I’ll apologize in advance for jumping around. This will be journaling, and a bit stream-of-consciousness, but we’ll see if it shapes itself into something coherent.
In keeping with my commitment to not write another word of poetry or my novel until I get caught up with sleep and actually figure out how to carve out meaningful creative time from my week as a tech professional and a father of 4, I’ve focused a bit more on putting down my phone and reading here and there.
I’m reading one of the foundational works of the Western esoteric tradition, “The Corpus Hermeticum,” but I also began re-reading the first chapter of a fantasy saga I was working on at the age of 18. Reading both has been eye-opening for different reasons. The Corpus alerted me to fascinating synchronicities with how I’ve opened my science fiction novel, containing startling parallels with attributes of the story’s setting and characters.
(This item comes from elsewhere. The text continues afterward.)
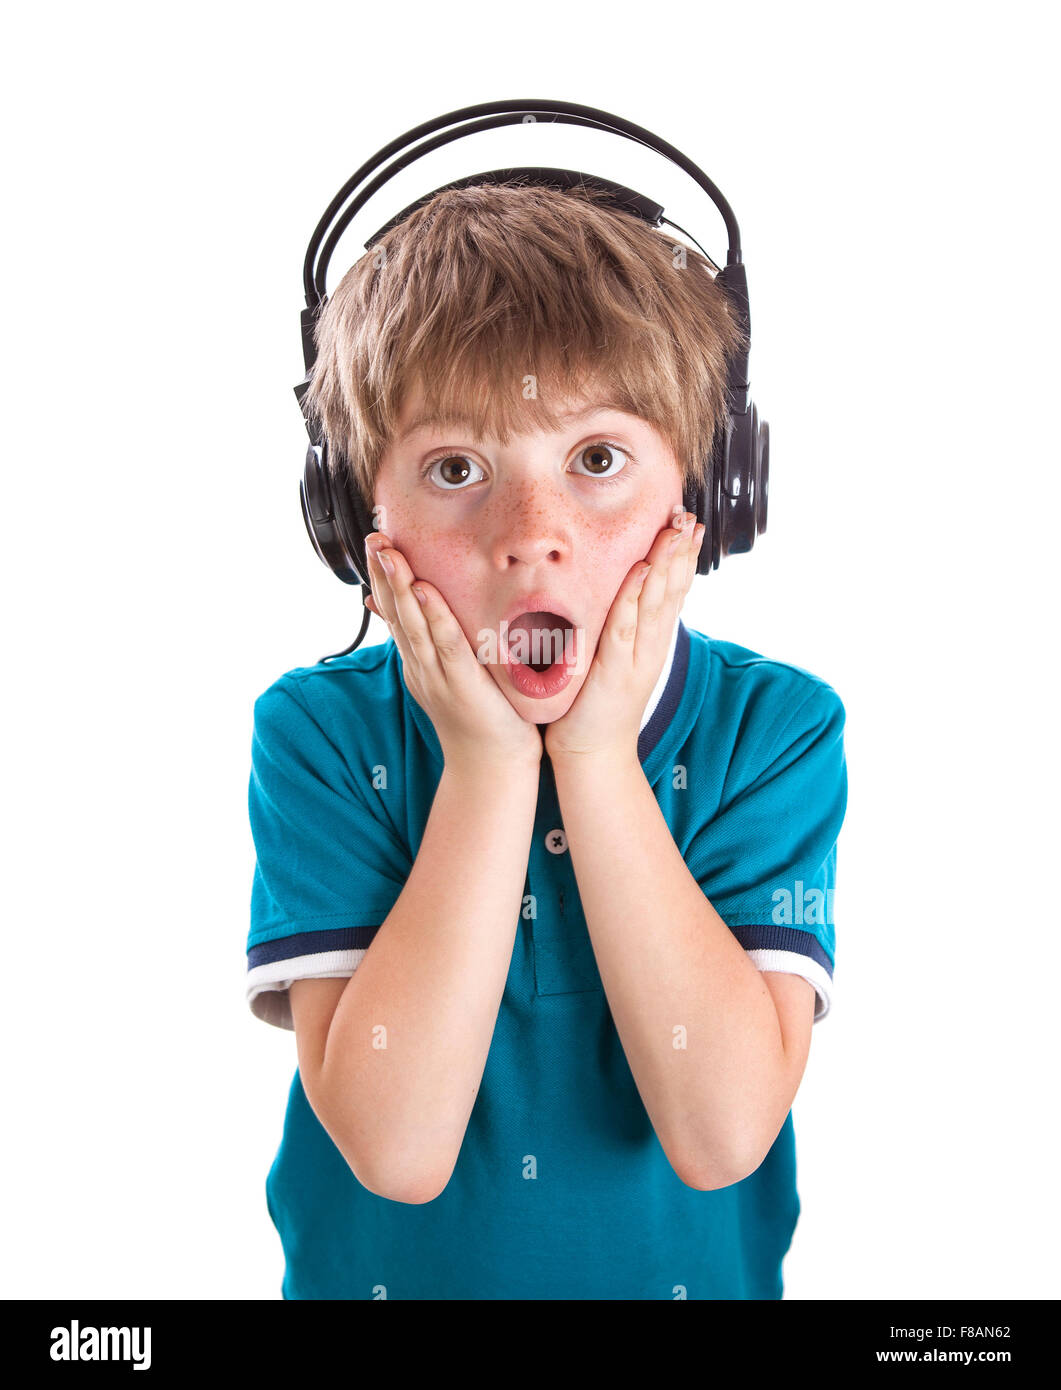 Retrato de joven escuchando música en auriculares contra el fondo blanco. Foto de stock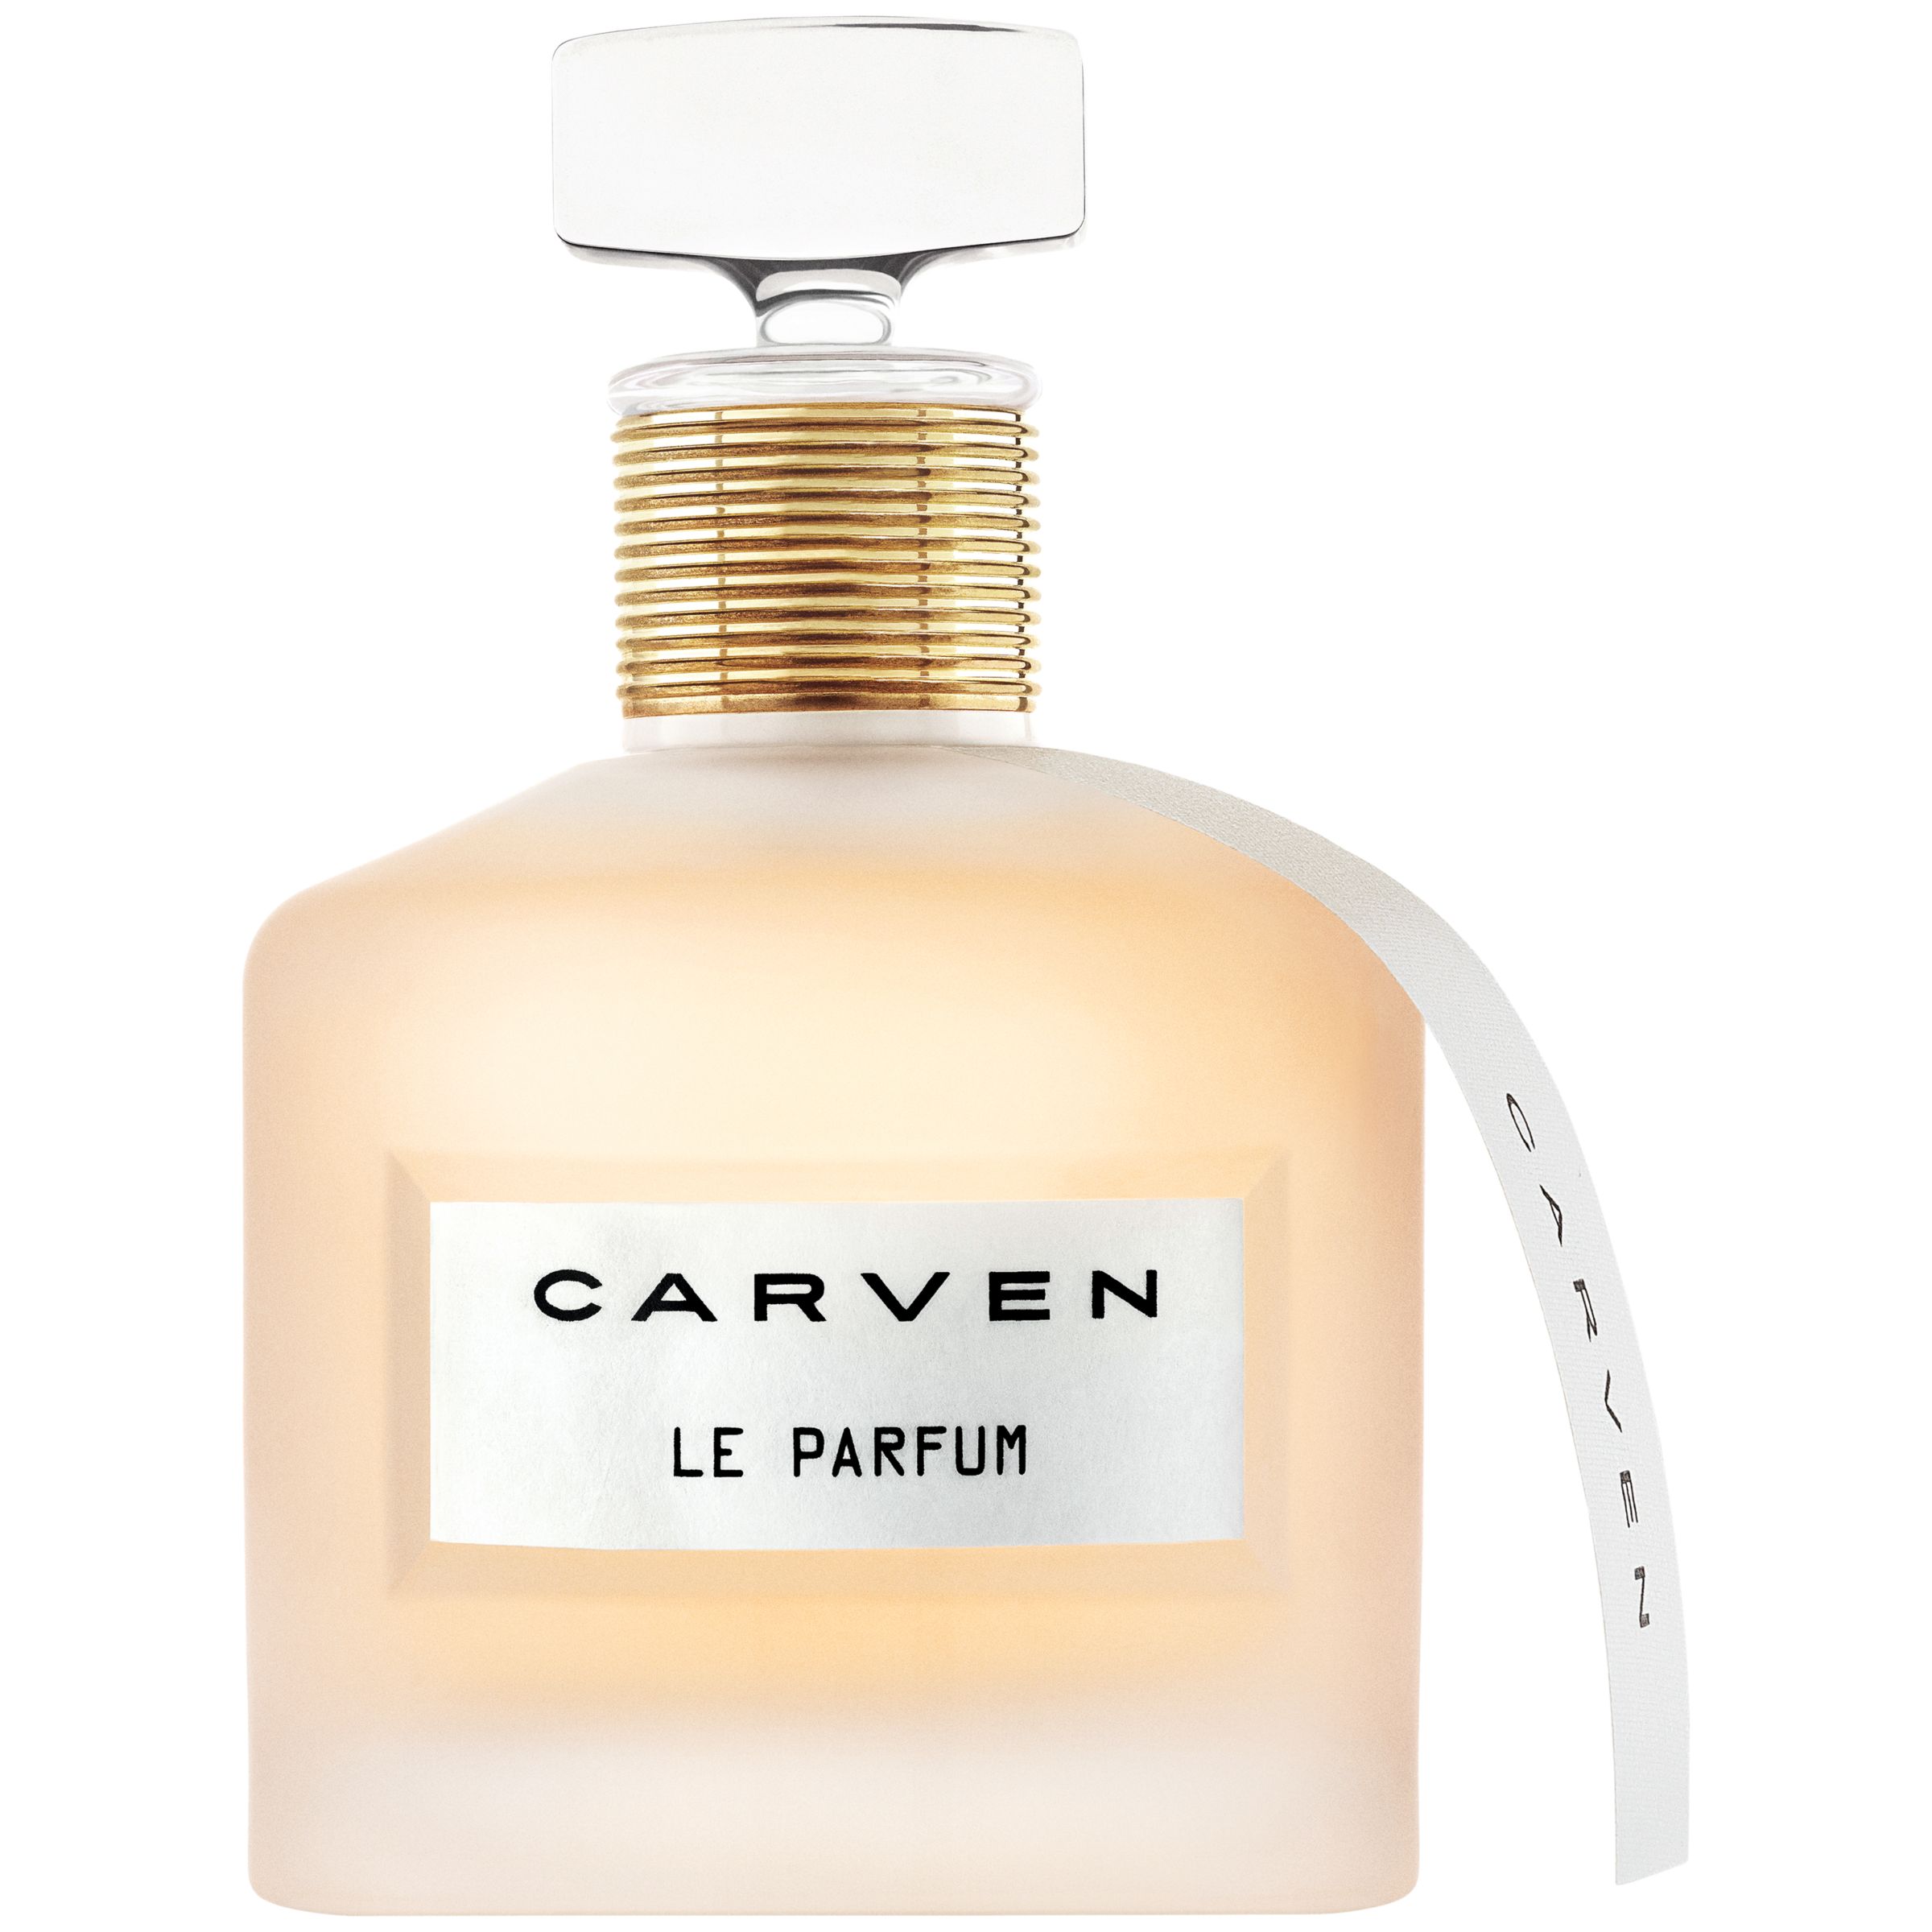 Carven Le Parfum Eau de Parfum, 50ml

Its working title is “A Game of Life”, on creating life with language in the Void, much how the Logos acts upon the Moist Nature in Poimandres, the first passage of the Corpus.
But what I want to share with you are some insights I’ve had after reading my fiction writings from 23 years ago.
On Retroactive Compassion
Here’s the passage:
“Taris Tomere, are you going to keep ignoring me or will you have some sense and listen?” By this time his mother was facing him, arms folded and staring down at him.
“Oh, uh, I was just thinking—“
“You were just thinking about three months ago.” He and Bekwin had agreed that they would not tell anyone save family.
“Yes.” He hesitated. “Mother, would you advise seeing beyond what the eyes do? You know, looking into things that can’t be explained?”
“Of course, Taris.” Where there is belief in the Lifelord, you can always think the unnatural possible.” This was a question on which she never had to think. Practical thinking was something that came very naturally to her.
“Thanks, Mother. I guess I’ll go and run in the Race.”
You know that cringey feeling you get when you read shit you wrote years ago? There was an inkling of that—I thought I could be the next Robert Jordan—but mostly, I feel compassion for myself and nostalgia for a time I will never get back. A time when I viewed the world with innocent eyes but still knew there were layers to reality I hadn’t peeled back. A time when my mom was alive.
Taris was me, and his mother was how I wished my mom could be, accepting of differing viewpoints, open-minded. She was a devout God-fearing woman who never dared question God or the purpose which the Church had instilled in her.
I’d planned for Taris’s story to be a Hero’s Journey, where strange happenings and traumatic experiences left mysterious traces as clues—a Campbellian Call-to-Adventure that the protagonist would follow with the aid of a wise mentor or two.
What I didn’t realize at the time was that my life would follow my protagonist’s path. Where instead of triumph over evil, I’ve gained wisdom through deconstructing illusion. My triumphs happened on my inward journey, in conquering the blockage in my own psyche to speak and write my mind and stand up for what I know is right (for me, at least). I still wrestle with the fear of self-expression, a survival instinct honed after years of suppressing my emotions out of a desire to manage the emotions of others.
But my greatest triumph has been discovering that under all that fear and conditioning, I am already held by love both pure and simple. That insight has pierced the illusion of unworthiness.
On LDS Worthiness (Mormon Purity Culture)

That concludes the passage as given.